Cammie POV

Piercing words, eyes are red
Watched your tail lights in the rain
Empty heart filled with regret
I know we were both to blame

"I HATE YOU!" I screamed. Zach and I were fighting again. This happened a lot more now. Zach was never home and when he was, he just wasn't the same.

"Fine then, you hate me. I'll have the ring back now," he said coldly. Tears started streaming down my face as I pulled it off my finger and threw it at him. "I'll be back for my stuff tomorrow." He then slammed the door and got into his car. I watched as his tail lights got further and further away. I slid down against the door and started bawling.
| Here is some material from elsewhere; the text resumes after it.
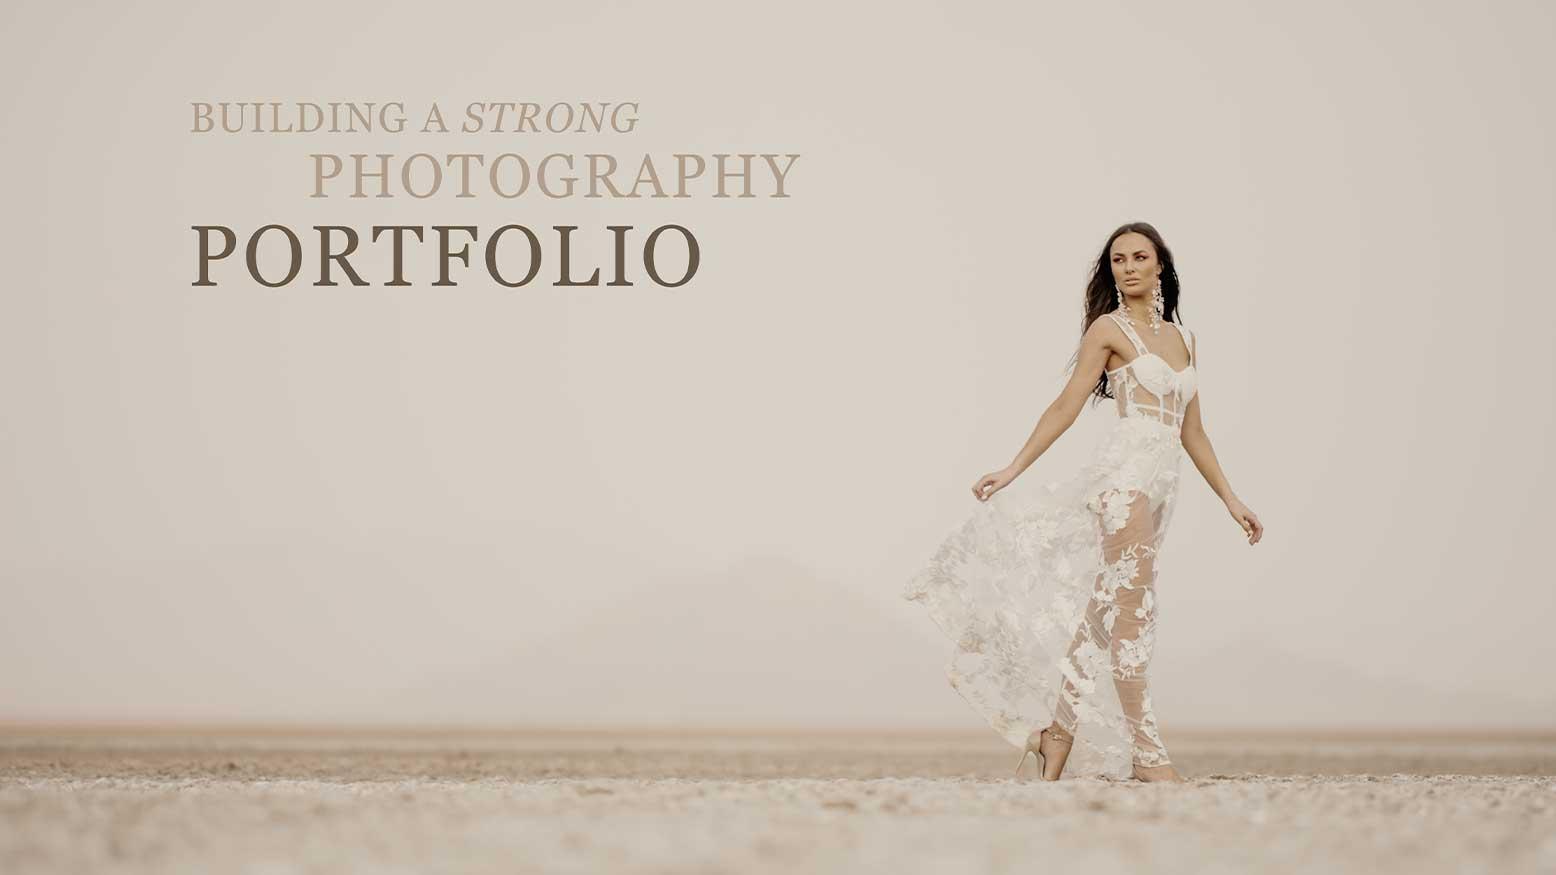 Building a Strong Photography Portfolio

And I'm not sorry that it's over
But for the way we let it end
So I said all I had to say
In letters that I threw away

I sat up and picked up my bag of letters Zach and I had exchanged during my years at Gallagher. I stalked over to the fireplace and threw it in. I watched as it slowly burned into nothing. I thought we were soul mates. Even if it wasn't meant to be, I didn't want it to end in pain and anger.

And you should know, please believe me
I've picked up the phone a thousand times
And tried to dial your number
But it's been so long, it's never easy
It's like trying to spin the world the other way
What can I say?


I walked over to the phone and sat next to it, waiting to see if maybe Zach would call to apologize. After 2 hours, my hope was fading away. I fell onto the couch and stared at the TV.

Zach POV

How did it come to this?
I think about you all the time
It's no excuse, but I wish
That I never made you cry

I'm not sorry that it's over
But for the way we let it end
I couldn't find the words to say

I tried to forget about Cam. I know that we were soul mates. I was starting to wish that I had never made her cry. I didn't want my last memory of her was to see her misery. I couldn't stop thinking about her.

And you should know, please believe me
I've picked up the phone a thousand times
And tried to dial your number
But it's been so long, it's never easy
It's like trying to spin the world the other way
So what can I say? What can I say?
What can I say? What can I say?

I took out my cell phone and debated whether I should call Cam and apologize. We were spies and we had a hard job. That was the only reason I was home so infrequently. Love is never easy. Love hurts.

I hate to think all you had of me
(I said all I had to say)
Is a memory I left you
The space between what was meant to be
(In letters that I threw away)
And the mess that it turned into

I didn't want her to hate me. I drove to Grant's house and he let me stay at his house for a while. He looked at me with sympathy. He never had to worry about him and Bex.

And you should know, please believe me
I've picked up the phone a thousand times
And tried to dial your number
But it's been so long, it's never easy
It's like trying to spin the world the other way

It's like trying to spin the world the other way
What can I say?

What can I say?

What can I say?

I just hoped Cam would forgive me someday.